With much trepidation, Abellanosa went to her regular physician to be tested. “Like many people in that kind of situation, I made a bargain with God,” she says. “I said, ‘Please don’t let me have diabetes and I promise I’ll turn my health around.'”


The test was negative, and Abellanosa knew she had to make good on her promise. Her mother had had some success with Weight Watchers, so she decided to join as well.


This was, of course, not the first time she had tried to lose weight. Abellanosa says she can remember feeling fat as far back as the fourth grade. Looking at pictures from that time now, she realizes that she wasn’t, in fact, overweight, but that was how she thought of herself.


It was when she went through puberty that she really began to pile on the pounds. “Going to middle school is an intense experience for young girls, and I used food as a coping mechanism, to comfort myself,” Abellanosa says.


She tried diets in high school, but none of them seemed to work for her, and she hated exercise. So by the time she finished high school, she had simply accepted that she was going to be a large person.


“My parents were really great. They always taught me to be proud of who I am regardless of what size I am and to be confident,” she says. “I embraced the concept of the ‘Big, Beautiful Woman,’ and I figured if people had a problem with that, that was their issue not mine.”


So even as she earned a journalism degree at the UW and went to work for a state legislator in Olympia, Abellanosa kept gaining weight. She joined the Henry eight and a half years ago, and by the time she went to Weight Watchers in 2004, she tipped the scales at 363.6 pounds.


After her diabetes scare, Abellanosa did two things: She started making different food choices and she started exercising.


“I’ve learned that everything I put in my mouth is a choice,” she says. “I’m either choosing to have long-term success or short-term pleasure. The other thing I’ve learned is that my body is the house I have to live in the rest of my life and I can respect it by nourishing it and understanding that food is fuel or I can treat it badly.”

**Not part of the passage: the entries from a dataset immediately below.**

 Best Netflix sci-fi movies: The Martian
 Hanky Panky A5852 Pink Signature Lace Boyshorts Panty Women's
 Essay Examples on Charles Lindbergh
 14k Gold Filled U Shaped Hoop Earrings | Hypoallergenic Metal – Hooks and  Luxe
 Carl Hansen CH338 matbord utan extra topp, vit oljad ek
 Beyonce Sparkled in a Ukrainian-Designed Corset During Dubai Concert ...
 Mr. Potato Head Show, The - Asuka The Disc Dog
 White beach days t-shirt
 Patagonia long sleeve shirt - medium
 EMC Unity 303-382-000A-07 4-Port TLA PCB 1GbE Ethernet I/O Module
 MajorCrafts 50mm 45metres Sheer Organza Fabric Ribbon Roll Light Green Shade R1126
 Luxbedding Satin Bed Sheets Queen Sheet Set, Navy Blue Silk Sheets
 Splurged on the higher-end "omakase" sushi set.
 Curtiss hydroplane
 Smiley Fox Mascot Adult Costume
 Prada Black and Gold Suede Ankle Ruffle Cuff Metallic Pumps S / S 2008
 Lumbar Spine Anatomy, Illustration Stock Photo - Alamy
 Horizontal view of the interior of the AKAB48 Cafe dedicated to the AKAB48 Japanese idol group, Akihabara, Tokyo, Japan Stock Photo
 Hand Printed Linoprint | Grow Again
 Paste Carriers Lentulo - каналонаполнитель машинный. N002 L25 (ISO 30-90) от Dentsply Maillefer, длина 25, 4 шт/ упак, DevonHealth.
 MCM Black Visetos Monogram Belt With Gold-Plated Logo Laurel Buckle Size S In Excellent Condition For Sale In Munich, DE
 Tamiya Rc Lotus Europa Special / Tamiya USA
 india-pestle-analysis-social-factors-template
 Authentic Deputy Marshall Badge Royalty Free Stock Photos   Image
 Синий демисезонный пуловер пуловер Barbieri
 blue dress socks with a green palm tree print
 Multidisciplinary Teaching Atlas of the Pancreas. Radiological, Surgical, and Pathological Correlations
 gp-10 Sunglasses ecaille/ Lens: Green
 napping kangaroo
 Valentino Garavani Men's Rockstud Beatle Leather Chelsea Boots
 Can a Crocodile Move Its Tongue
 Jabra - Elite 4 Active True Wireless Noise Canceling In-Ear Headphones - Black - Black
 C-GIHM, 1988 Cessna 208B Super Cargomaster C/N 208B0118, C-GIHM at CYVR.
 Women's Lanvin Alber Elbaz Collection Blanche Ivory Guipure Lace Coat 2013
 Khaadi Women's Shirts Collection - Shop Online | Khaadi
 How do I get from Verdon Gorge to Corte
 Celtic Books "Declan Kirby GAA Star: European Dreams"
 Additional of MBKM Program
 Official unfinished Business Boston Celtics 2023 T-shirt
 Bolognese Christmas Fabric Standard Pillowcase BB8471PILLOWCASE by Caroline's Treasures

For exercise, Abellanosa started off taking a hydro-aerobics class and going to a women’s gym where she did a prescribed circuit of exercise equipment. Being seen in a bathing suit was hard, she says, but she made up her mind that she was there to take care of her health and she wouldn’t let other people’s stares deter her.


After eight months, Abellanosa developed what she calls “exercise rage” — boredom that made her want to quit. So she switched to walking and going to the IMA. When she got bored with the IMA, she began walking on weekdays and hiking on the weekends. Recently, she went rock climbing for the first time and she has plans to try snowshoeing. Constant change of activity is what it takes to keep her at it, she says.


It took Abellanosa nearly two years to reach her goal weight, which, sadly, her father didn’t live to see. He died in November of 2005 and she reached her goal in February of 2006. Despite going through a grieving process, she’s managed to keep the weight off.


In 2006, Abellanosa entered Weight Watchers’ Most Inspiring Story of the Year contest. She was one of eight chosen for first prizes in the region on the basis of an essay and a telephone interview, and was flown to Los Angeles, where she got a free makeover and appeared on the Tyra Banks Show with Sarah Ferguson. When she won the grand prize for the region in September, she was flown to New York and appeared on the Today Show, again with Sarah Ferguson. Then she got a call from People magazine, saying they were considering her for their “Half their Size” issue. That resulted in a trip to Miami for an interview and photo shoot. And just a few weeks ago, she was on the Today Show again.


Abellanosa hasn’t let all the attention go to her head. “All I did was set out to improve my health,” she says, “and having all these other experiences has just strengthened me to continue my commitment to good health.”


Does she have any advice for others who want to lose weight?


“Be honest with yourself,” she says. “If you want to do this, you can, but you should do it for you. It’s not about impressing someone, or wearing a certain size. It’s about taking care of your health.”